- Standard edition cover

Studio album by Mina and Ivano Fossati
- Released: 22 November 2019
- Recorded: 2017–2019
- Venue: Lugano, Switzerland
- Studio: Studi PDU
- Genre: Pop; chanson;
- Label: PDU; Il Volatore;
- Producer: Massimiliano Pani

Mina chronology
| Paradiso (Lucio Battisti Songbook) (2018) | Mina Fossati (2019) | Orione (Italian Songbook) (2020) |

Ivano Fossati chronology
| Decadancing (2011) | Mina Fossati (2019) |  |

Singles from Mina Fossati
- "Tex-Mex" Released: 7 November 2019; "Luna diamante" Released: 14 December 2019; "L’infinito di stelle" Released: 17 January 2020; "Ladro" Released: 16 October 2020;

= Mina Fossati =

Mina Fossati is a collaborative album by Italian singers Mina and Ivano Fossati, released on 22 November 2019 by PDU and Il Volatore and distributed by Sony Music.

Professional ratings
Review scores
| Source | Rating |
| All Music Italia | 6/10 |
| Rockol |  |
| Newsic |  |

==Overview==
Mina and Fossati decided to record a joint album back in 1997, they even met then and discussed the concept, but record labels were not enthusiastic about this venture and the project had to be shelved.
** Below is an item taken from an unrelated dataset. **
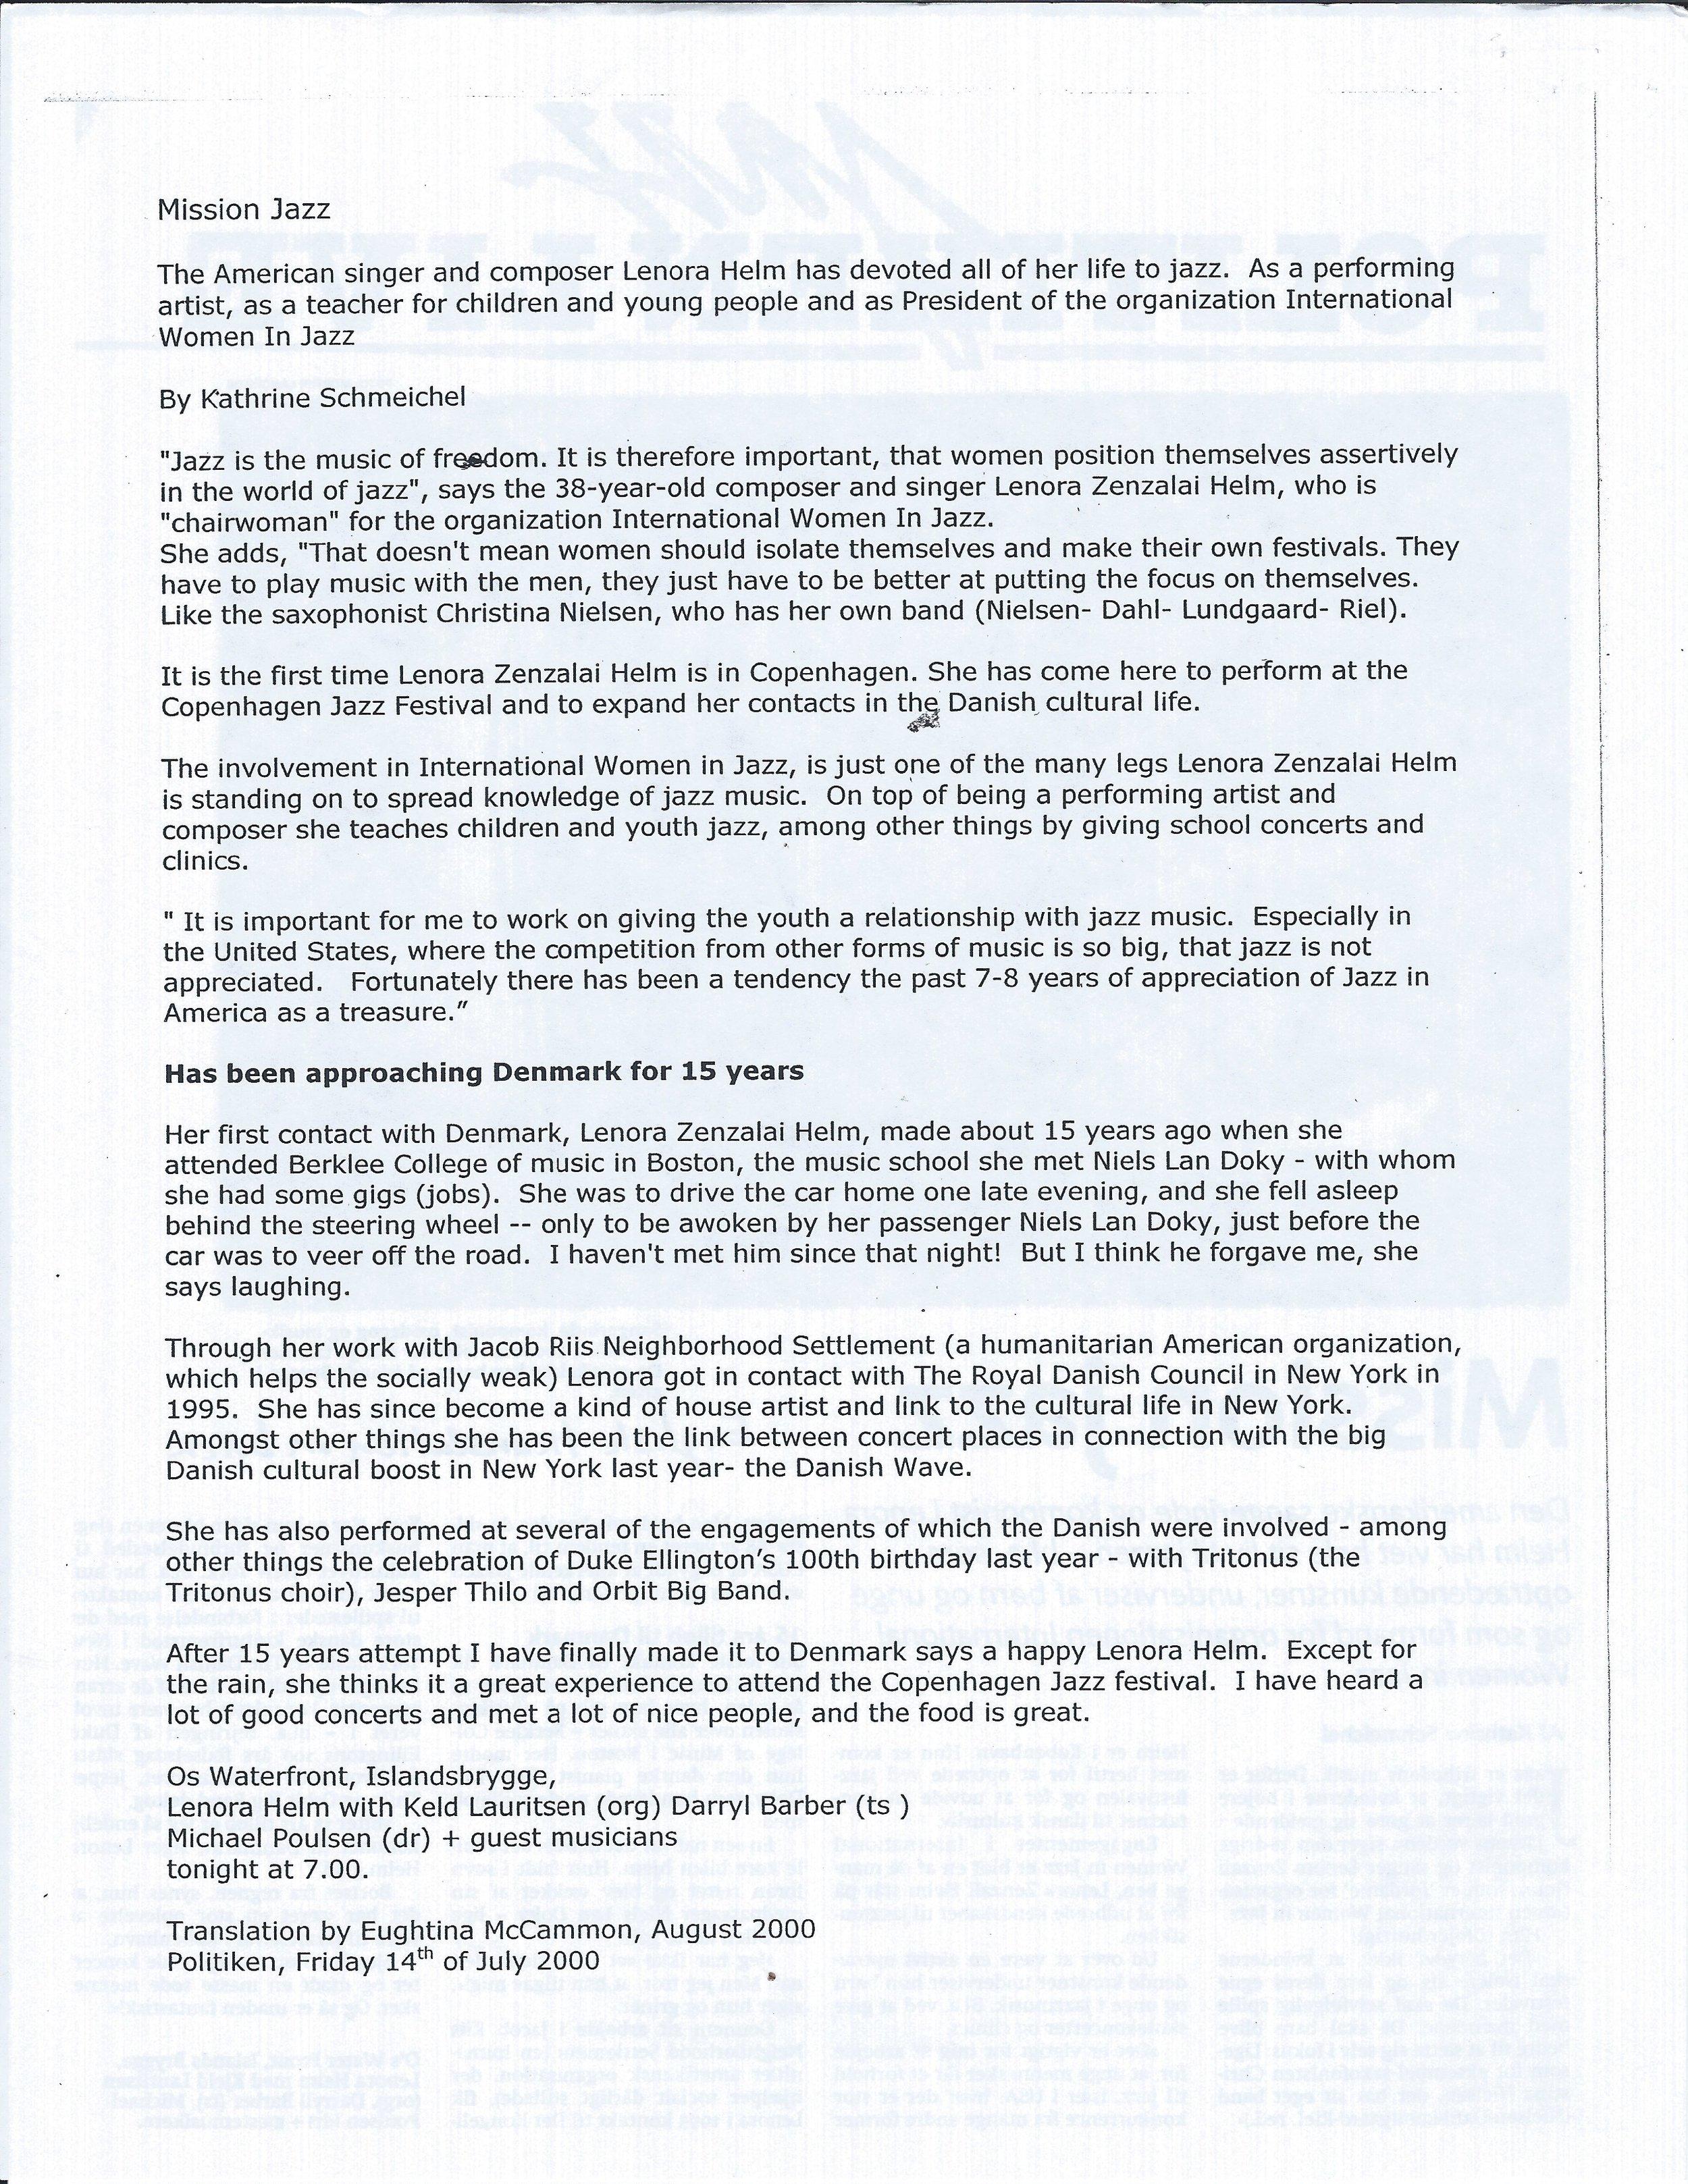 Politiken Live Article English Translation jpeg copy.jpg

Nevertheless, twenty years later, Mina confessed to Fossati that she was still not against a joint record. Fossati himself released the last album in 2011, considering it formally the last, which is why he was somewhat hesitant to agree to this work. Nevertheless, he agreed and wrote lyrics and music for almost two years. He submitted twelve original songs, eleven of which were recorded, and another was rejected by Mina because she considered it "too sweet" for the album.
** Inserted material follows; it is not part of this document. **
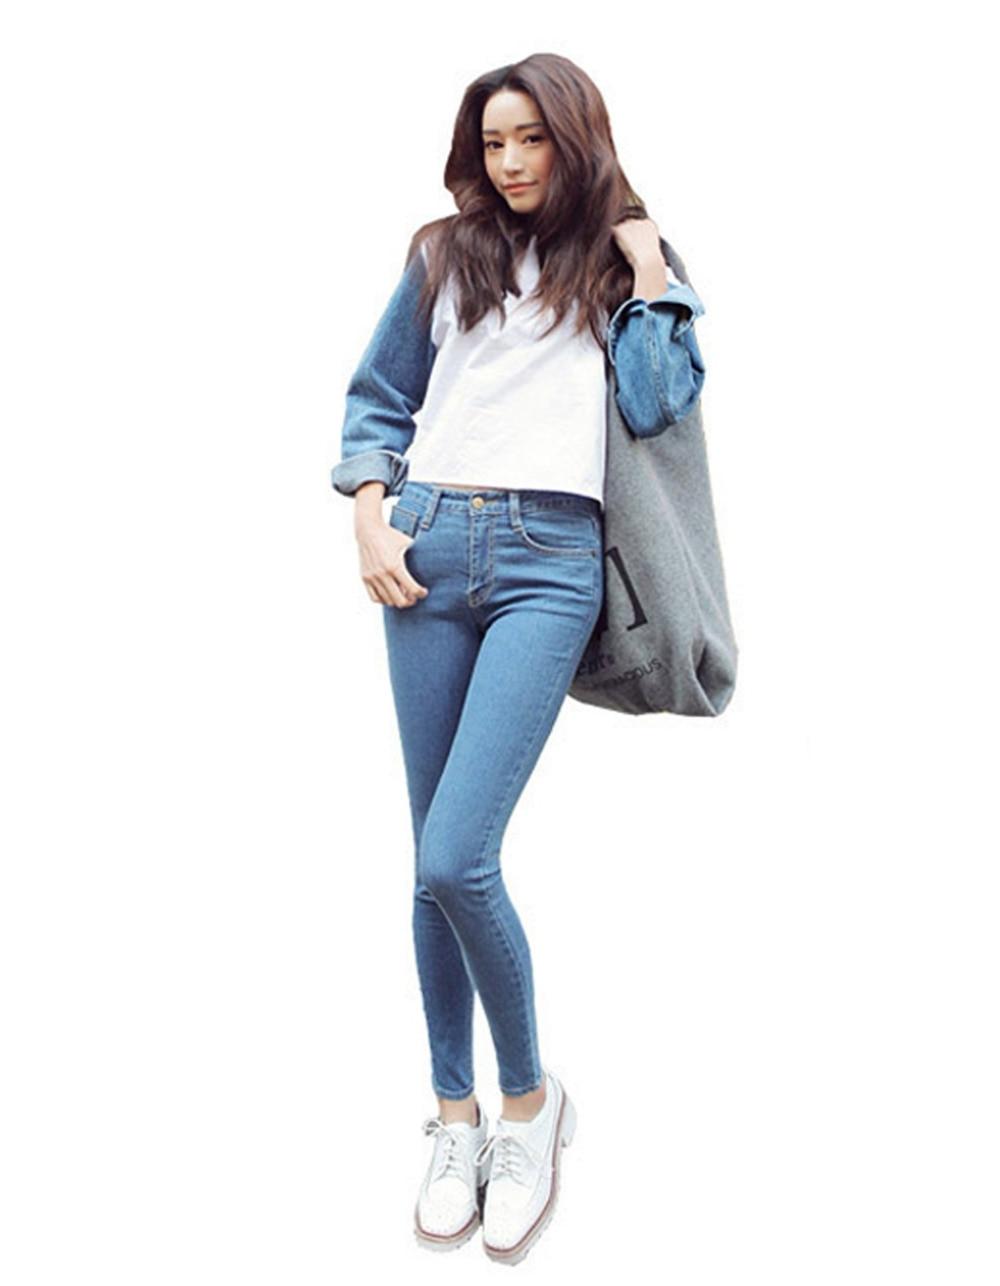 ФОТО Fashion Slim Jeans For Women Skinny High Waist Jeans Woman Blue Denim Pencil Pants Stretch Waist Women Jeans

The record was released on November 22, 2019 in various formats, including digital, CD, vinyl and box set. The album peaked at number two in Italy and number 26 in Switzerland. In 2020, the album was certified platinum in Italy.

==Track listing==

Standard edition
| No. | Title | Length |
|---|---|---|
| 1. | "L’infinito di stelle" | 3:44 |
| 2. | "Farfalle" | 2:59 |
| 3. | "Ladro" | 3:51 |
| 4. | "Come volano le nuvole" | 4:14 |
| 5. | "La guerra fredda" | 4:24 |
| 6. | "Luna diamante" | 4:34 |
| 7. | "Tex-Mex" | 4:03 |
| 8. | "Amore della domenica" | 4:04 |
| 9. | "Meraviglioso è tutto qui" | 3:16 |
| 10. | "L’uomo perfetto" | 4:18 |
| 11. | "Niente meglio di noi due" | 3:43 |

Deluxe edition (bonus tracks)
| No. | Title | Length |
|---|---|---|
| 12. | "Settembre" | 3:21 |
| 13. | "Settembre" | 3:07 |
| 14. | "La guerra fredda" (Versione con archi) | 4:25 |

==Personnel==

- Mina – vocal
- Ivano Fossati – vocal
- Massimo Tagliata – accordion
- Luca Meneghello – acoustic guitar, electric guitar, guitar
- Gabriele Comeglio – alto saxophone, soprano saxophone
- Massimiliano Pani – arrangement, backing vocals
- Massimo Moriconi – contrabass, fretless bass
- Alfredo Golino – drums
- Faso – electric bass
- Danilo Rea – grand piano, electric piano
- Claudio Fossati – percussion
- Andrea Maini – viola
- Barbara Ostini – viola
- Laura Garuti – viola
- Stefano Zanolli – viola
- Valentino Corvino – lead violin
- Davide Dondi – first violin
- Davide Gaspari – first violin
- Elicia Silverstein – first violin
- Federico Braga – first violin
- Gabriele Bellu – first violin
- Anton Berovski – second violin
- Keti Ikonomi – second violin
- David Caramia – second violin
- Silvia Mandolini – second violin
- Tommaso Luison – second violin
- Ugo Bongianni – programming, keyboards, grand piano, backing vocals
- Celeste Frigo – recording, mixing, mastering
- Davide Martini – recording
- Pietro Giolito – recording
- Marco Borsatti – recording
- Alessandro Di Guglielmo – engineering
- Giuseppe Spada – graphics
- Mauro Balletti – illustration

==Charts==

===Weekly charts===

Weekly chart performance for Mina Fossati
| Chart (2019) | Peak position |
|---|---|
| Italian Albums (FIMI) | 2 |
| Italian Vinyl Albums (FIMI) | 1 |
| Swiss Albums (Schweizer Hitparade) | 26 |

===Year-end charts===

2019 year-end chart performance for Mina Fossati
| Chart (2019) | Position |
|---|---|
| Italian Albums (FIMI) | 24 |

2020 year-end chart performance for Mina Fossati
| Chart (2020) | Position |
|---|---|
| Italian Albums (FIMI) | 88 |

==Certifications and sales==

Certifications for Mina Fossati
| Region | Certification | Certified units/sales |
| Italy (FIMI) | Platinum | 50,000^{‡} |
^{‡} Sales+streaming figures based on certification alone.